### [INFORMATION PROVIDED]
- - - - -
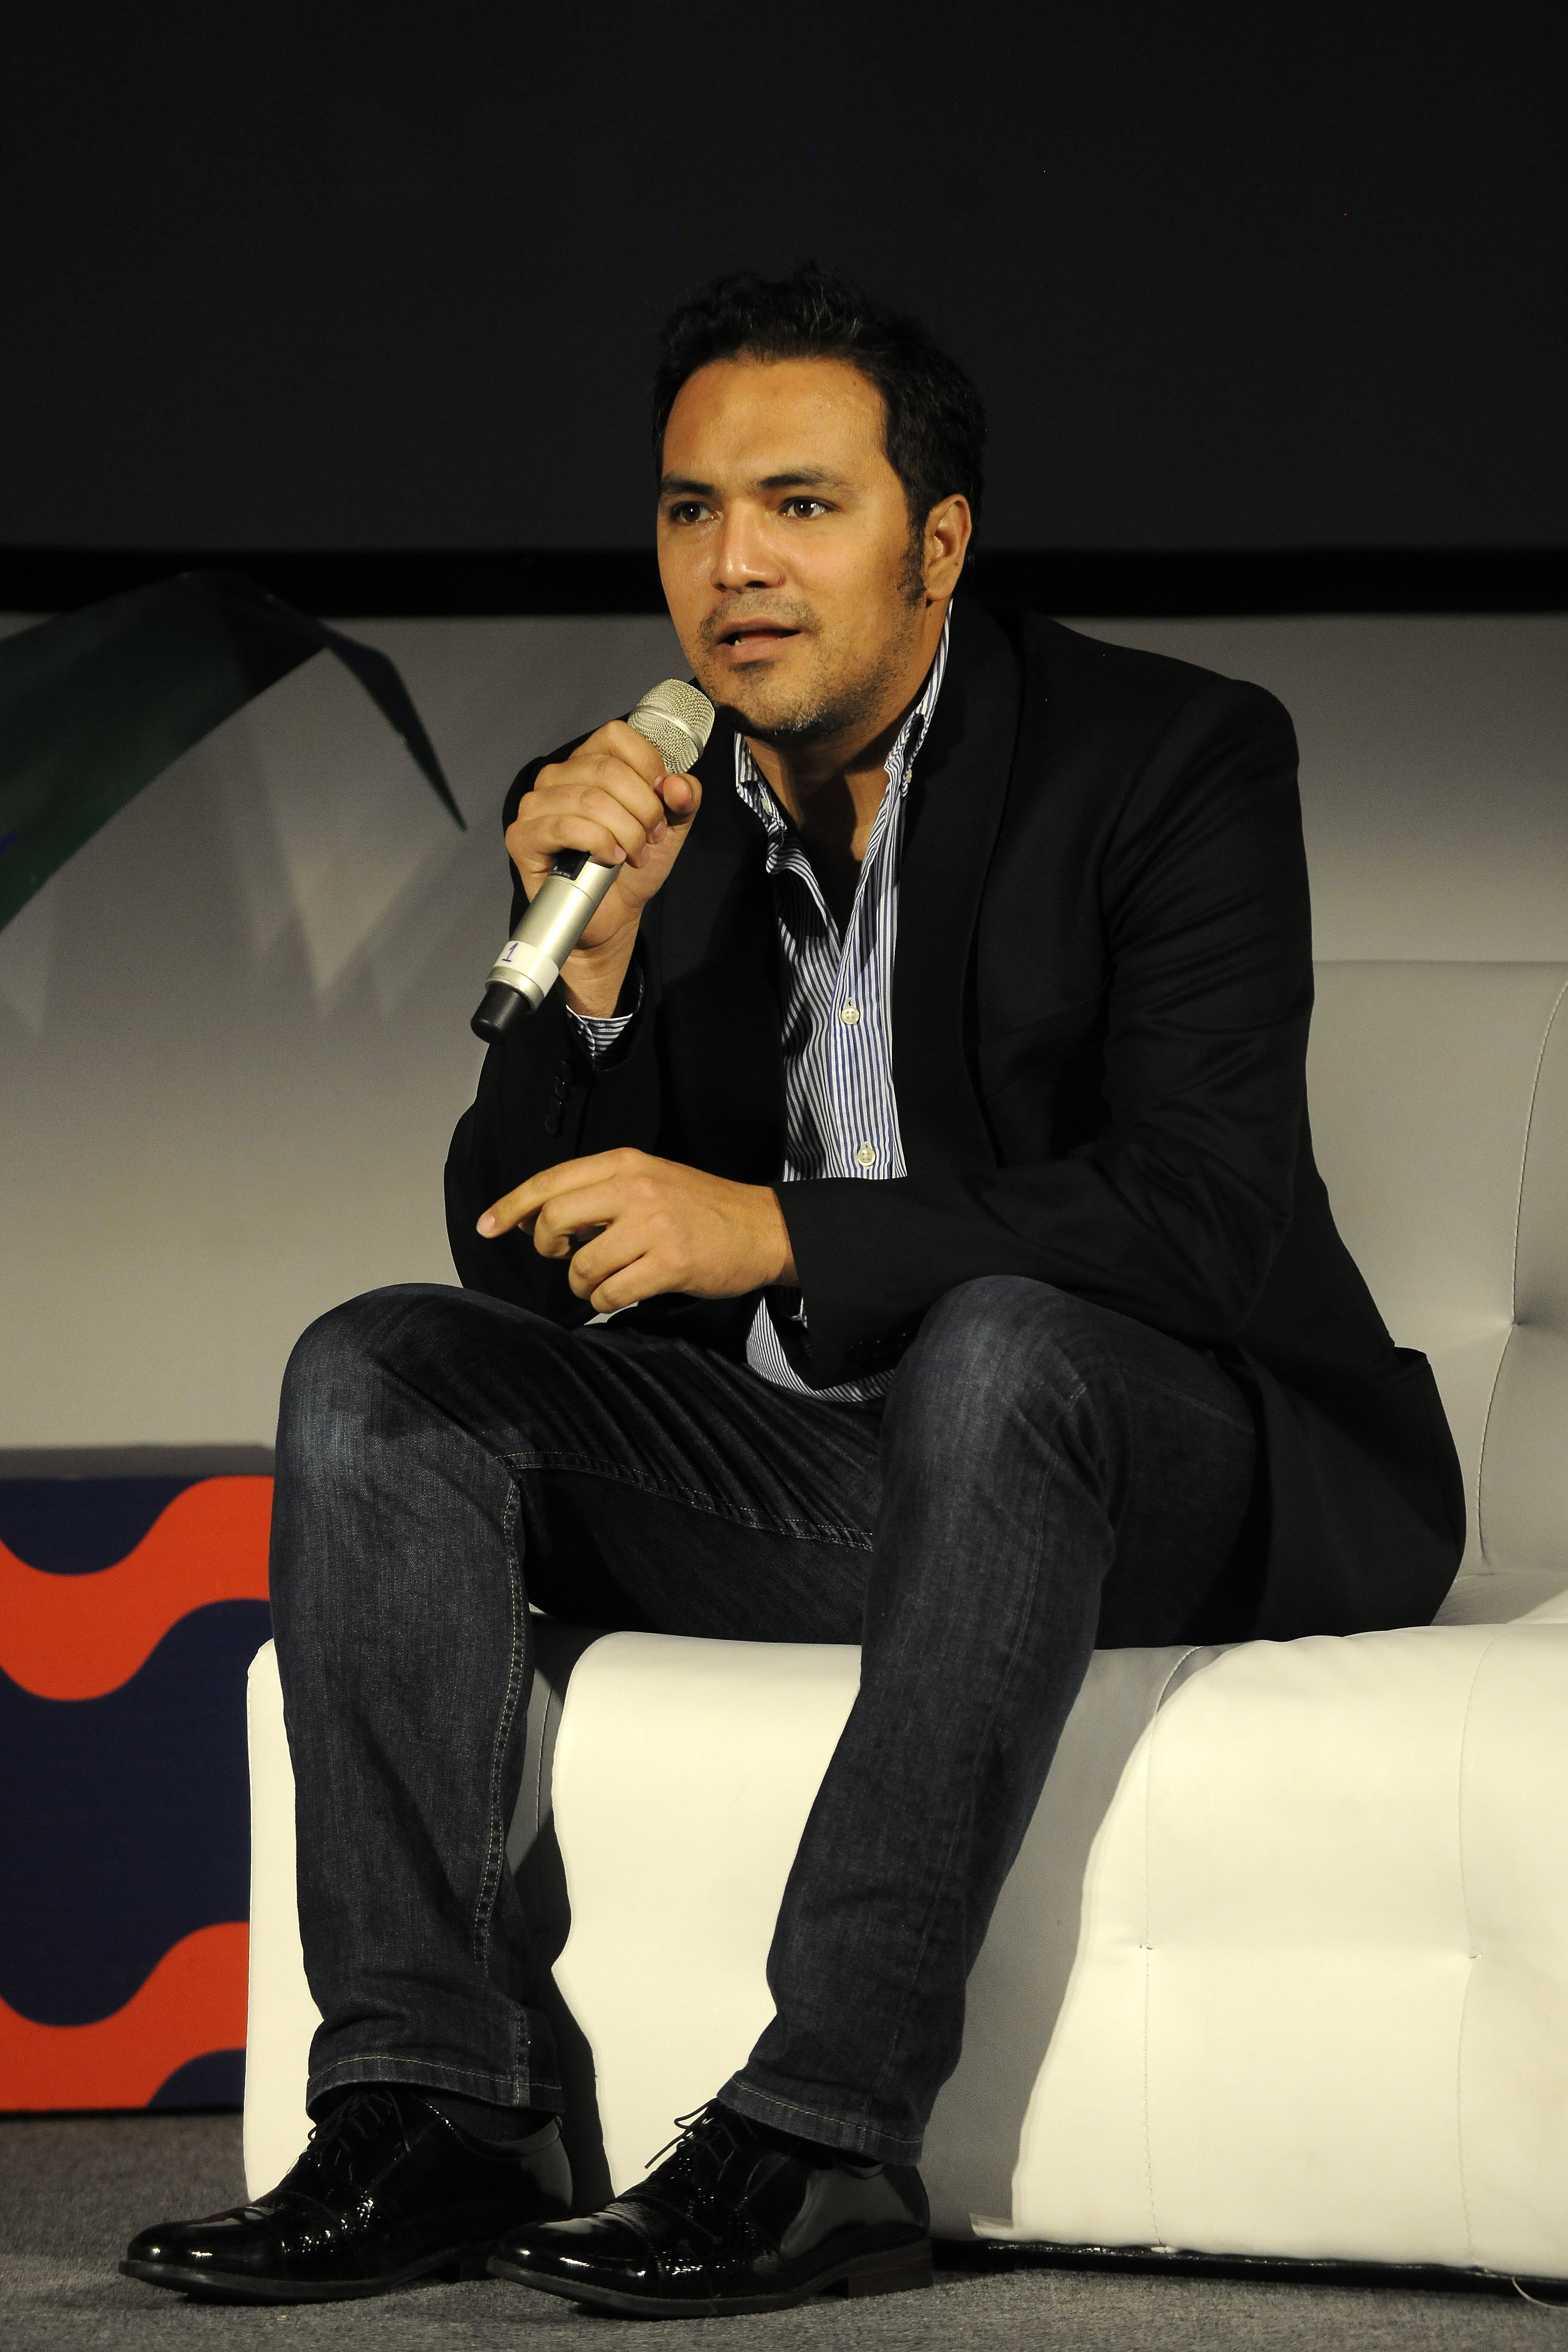 Carlos Ciurlizza at the press conference of SEBASTIAN at the 2015 Guadalajara International Film Festival - Mexico.
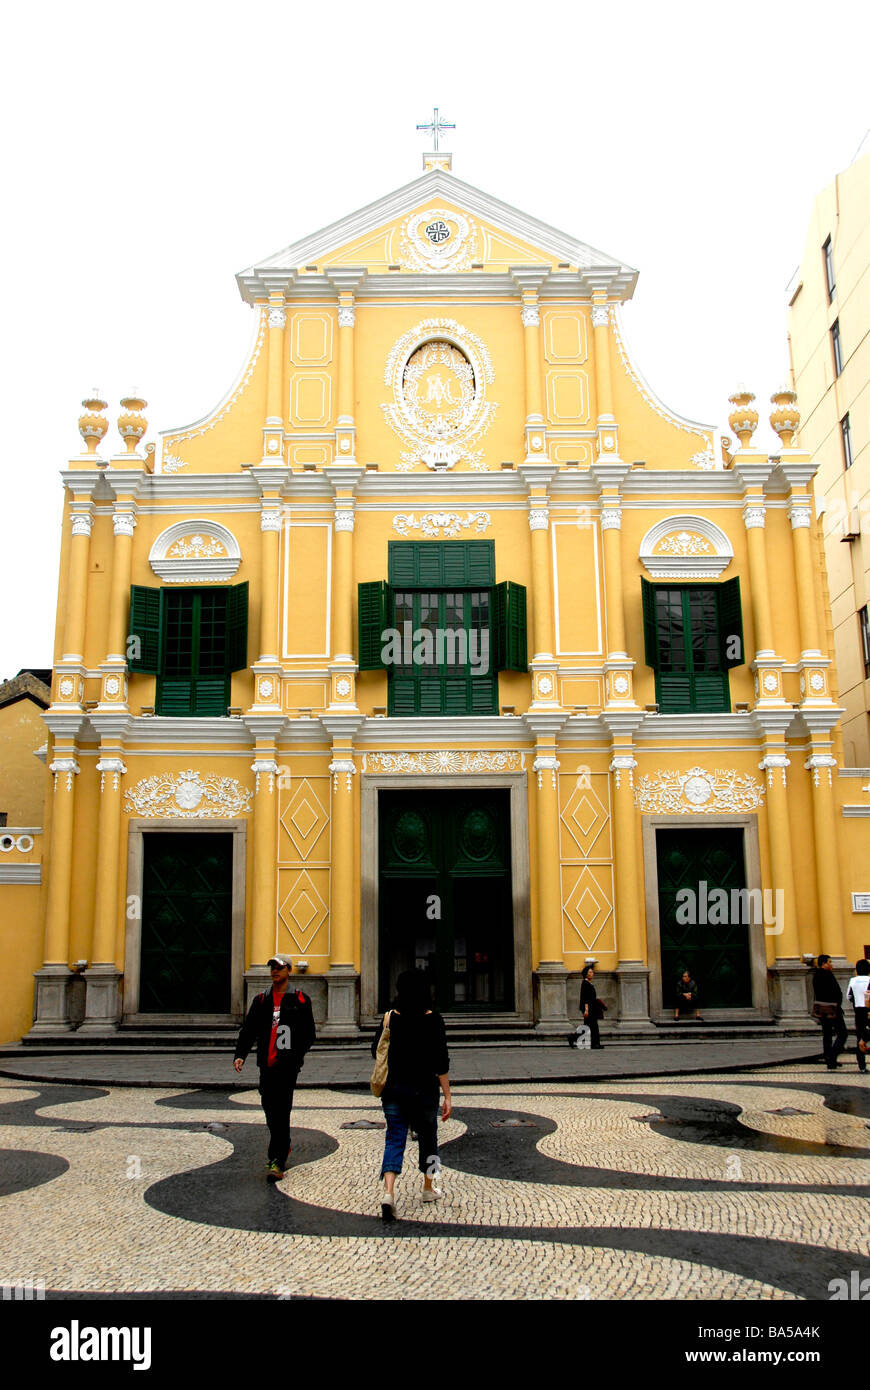 Saint Dominic' s church, Macau, China Stock Photo
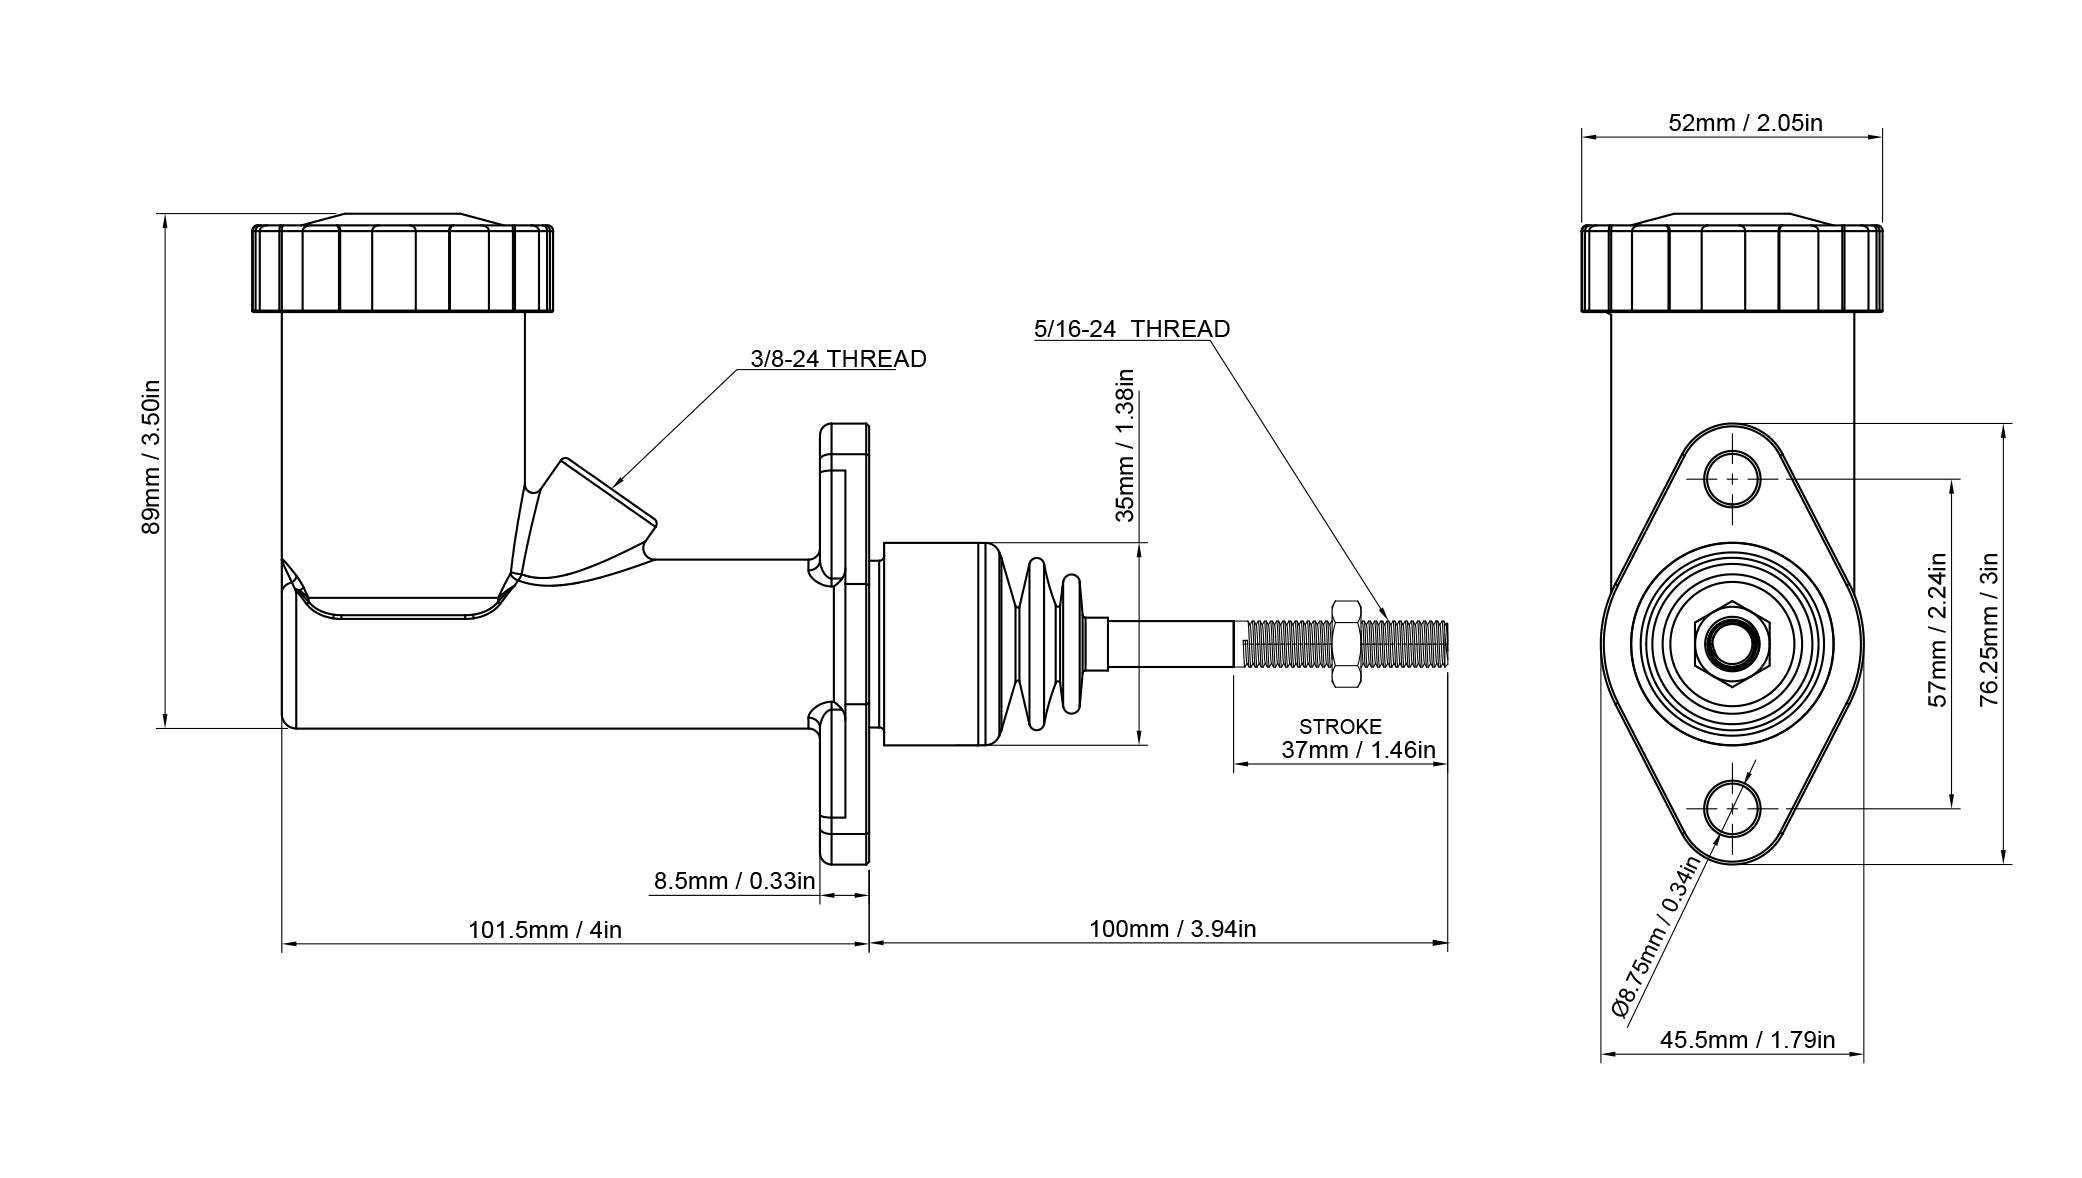 Stand-alone 7/8" internal reservoir master cylinder
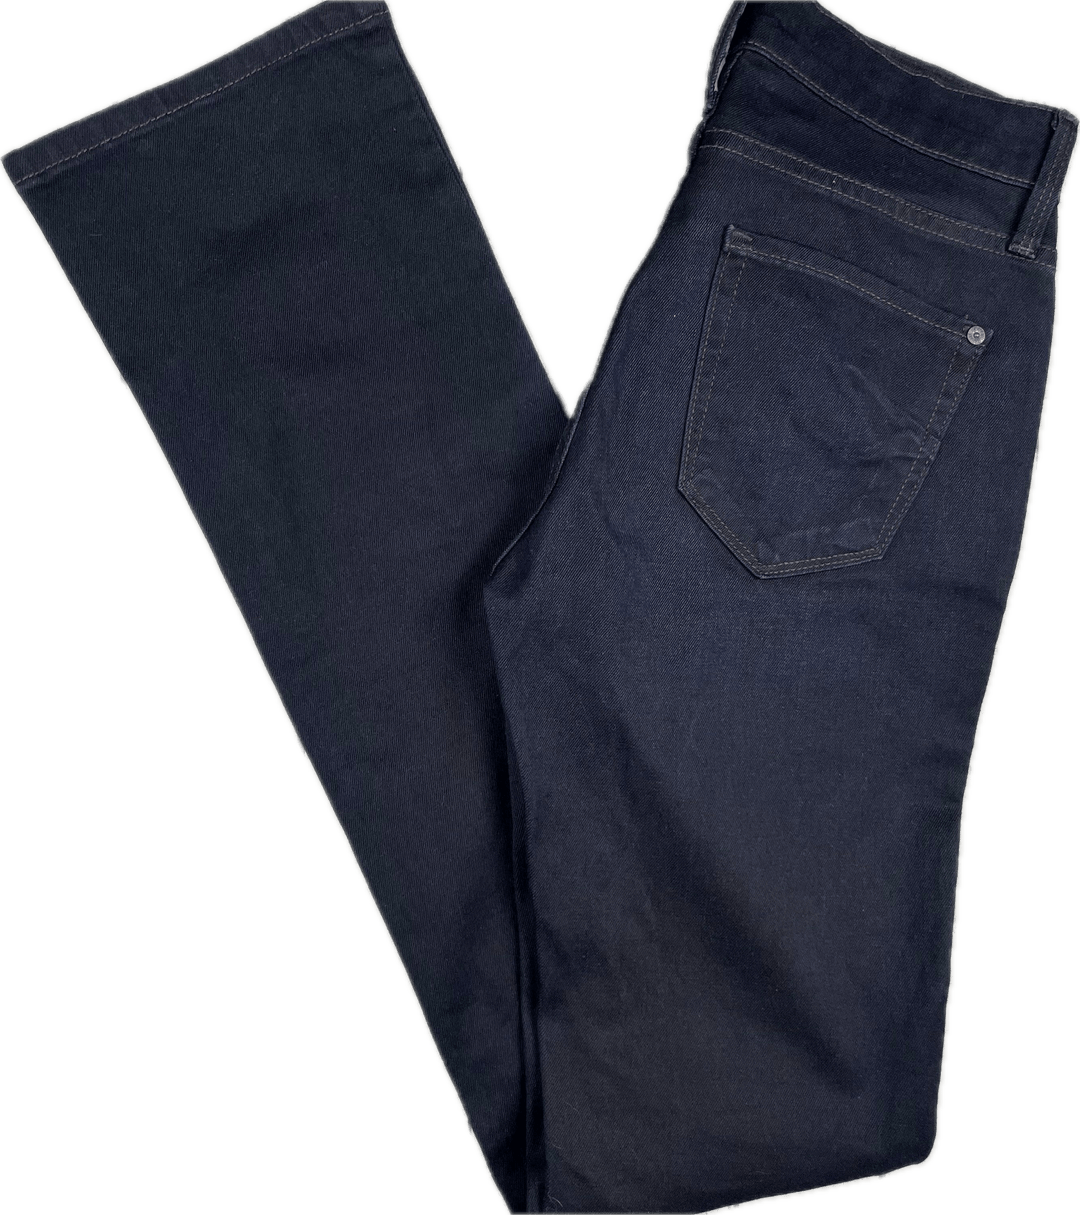 James Jeans Black 'Hunter' Stretch Denim Jeans -Size 26 - Jean Pool
- - - - -
### [BRIEF]
Transcribe every line from the one containing "Saint Dominic' s" to the end of the listing, exactly and exclusively. Do not carry any picture over.

### [THE ANSWER]
 Saint Dominic' s church, Macau, China Stock Photo
 Stand-alone 7/8" internal reservoir master cylinder
 James Jeans Black 'Hunter' Stretch Denim Jeans -Size 26 - Jean Pool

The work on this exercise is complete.